═══ GIVEN DATA

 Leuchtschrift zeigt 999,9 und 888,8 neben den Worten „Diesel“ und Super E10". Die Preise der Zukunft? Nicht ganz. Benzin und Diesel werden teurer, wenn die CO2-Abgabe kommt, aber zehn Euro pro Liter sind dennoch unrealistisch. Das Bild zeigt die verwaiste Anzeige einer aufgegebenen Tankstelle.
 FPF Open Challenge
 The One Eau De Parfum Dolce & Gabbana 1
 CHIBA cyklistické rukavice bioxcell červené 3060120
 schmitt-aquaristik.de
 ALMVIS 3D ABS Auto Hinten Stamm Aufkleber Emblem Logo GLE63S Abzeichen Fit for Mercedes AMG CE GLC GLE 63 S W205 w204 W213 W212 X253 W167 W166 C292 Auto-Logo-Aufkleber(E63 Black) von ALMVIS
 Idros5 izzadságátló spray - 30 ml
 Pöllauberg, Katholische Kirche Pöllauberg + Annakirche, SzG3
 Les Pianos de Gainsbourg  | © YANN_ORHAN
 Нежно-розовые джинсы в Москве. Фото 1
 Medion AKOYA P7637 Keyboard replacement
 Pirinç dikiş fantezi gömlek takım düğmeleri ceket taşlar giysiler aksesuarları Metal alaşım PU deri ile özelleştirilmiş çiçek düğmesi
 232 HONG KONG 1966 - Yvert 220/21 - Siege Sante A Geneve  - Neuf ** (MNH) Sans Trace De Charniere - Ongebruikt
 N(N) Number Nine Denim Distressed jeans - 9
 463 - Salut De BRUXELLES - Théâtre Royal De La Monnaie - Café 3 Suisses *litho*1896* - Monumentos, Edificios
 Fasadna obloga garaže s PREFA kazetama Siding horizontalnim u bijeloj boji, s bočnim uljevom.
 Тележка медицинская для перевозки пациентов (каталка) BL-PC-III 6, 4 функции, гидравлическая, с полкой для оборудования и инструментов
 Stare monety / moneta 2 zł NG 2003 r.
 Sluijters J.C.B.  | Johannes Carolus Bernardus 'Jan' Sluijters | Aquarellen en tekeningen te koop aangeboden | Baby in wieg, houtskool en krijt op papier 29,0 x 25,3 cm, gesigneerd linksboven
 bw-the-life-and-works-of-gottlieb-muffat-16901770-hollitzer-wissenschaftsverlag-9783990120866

══════

ASSIGNMENT
When you reach the line that contains "FPF Open Challenge", stop; output it and every line before it from the start of the data, exactly as written.

SOLVED EXERCISE
 Leuchtschrift zeigt 999,9 und 888,8 neben den Worten „Diesel“ und Super E10". Die Preise der Zukunft? Nicht ganz. Benzin und Diesel werden teurer, wenn die CO2-Abgabe kommt, aber zehn Euro pro Liter sind dennoch unrealistisch. Das Bild zeigt die verwaiste Anzeige einer aufgegebenen Tankstelle.
 FPF Open Challenge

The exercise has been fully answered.